N. KOREA FIRES MISSILE OVER JAPAN
Flight over Japan comes shortly after powerful nuclear test
North Korea launched a missile over Japan Friday morning, one day after the country, led by Kim Jong Un, left, threatened to use weapons to “sink” Japan and turn the United States to “ashes and darkness.”
North Korea fired a missile early Friday morning over Japan, less than two weeks after its most powerful nuclear test ever, South Korea’s military reported.
The missile was fired from Sunan, the location of the international airport serving Pyongyang, North Korea’s capital, and flew eastward over Japan, according to the South Korean military. It flew around 3,700 kilometers or 2,300 miles, according to South Korea’s Joint Chiefs of Staff, and reached a maximum altitude of roughly 770 kilometers or 478 miles.
Japanese Foreign Minister Taro Kono said it appeared to be an Intercontinental Ballistic Missile based on its range, NHK said.
Japan’s J-ALERT emergency warning system sent out alert messages on Friday advising residents to take shelter indoors or underground. The alert said that the missile appeared to have flown over the Kanto region, according to NHK.
The government was advising residents to stay away from anything that could be missile debris, according to NHK.
President Trump was briefed on the missile launch by chief of staff John Kelly, the White House said.
In a statement, Secretary of State Rex Tillerson said that the missile launch would “only deepen North Korea’s diplomatic and economic isolation,” and called on China and Russia to take further measures against the Kim regime.

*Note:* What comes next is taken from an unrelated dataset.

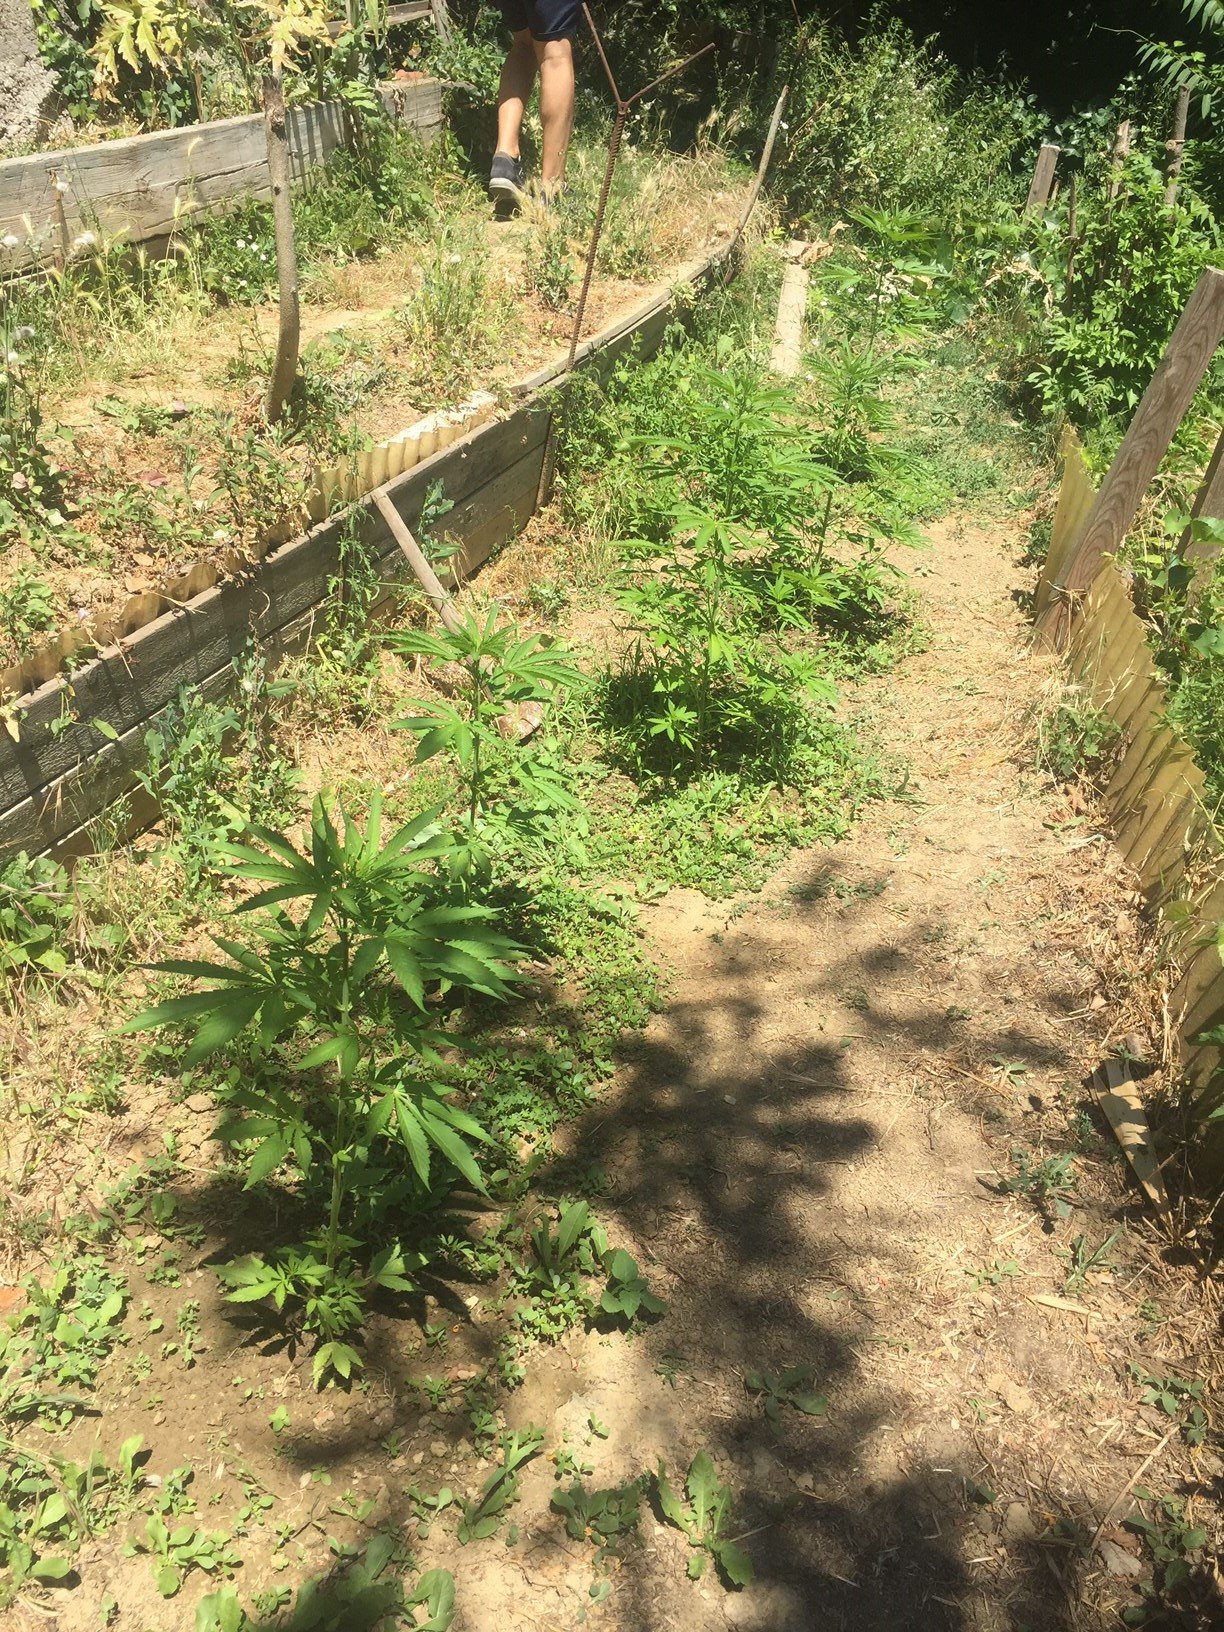 In giardino nove piante di marijuana alte mezzo metro: denunciato

“China supplies North Korea with most of its oil. Russia is the largest employer of North Korean forced labor. China and Russia must indicate their intolerance for these reckless missile launches by taking direct actions of their own,” he said.
The North American Aerospace Defense Command, or NORAD, said the missile did not pose a threat to North America, and U.S. Pacific Command determined it did not pose a threat to the U.S. territory of Guam, Cmdr. Dave Benham, spokesman for U.S. Pacific Command, told USA TODAY via e-mail.
The United Nations Security Council will meet Friday at 3 p.m. in response to the launch, Reuters reported, citing diplomats.
A man in Tokyo watches TV news coverage of North Korean leader Kim Jong Un. North Korea threatened to destroy Japan.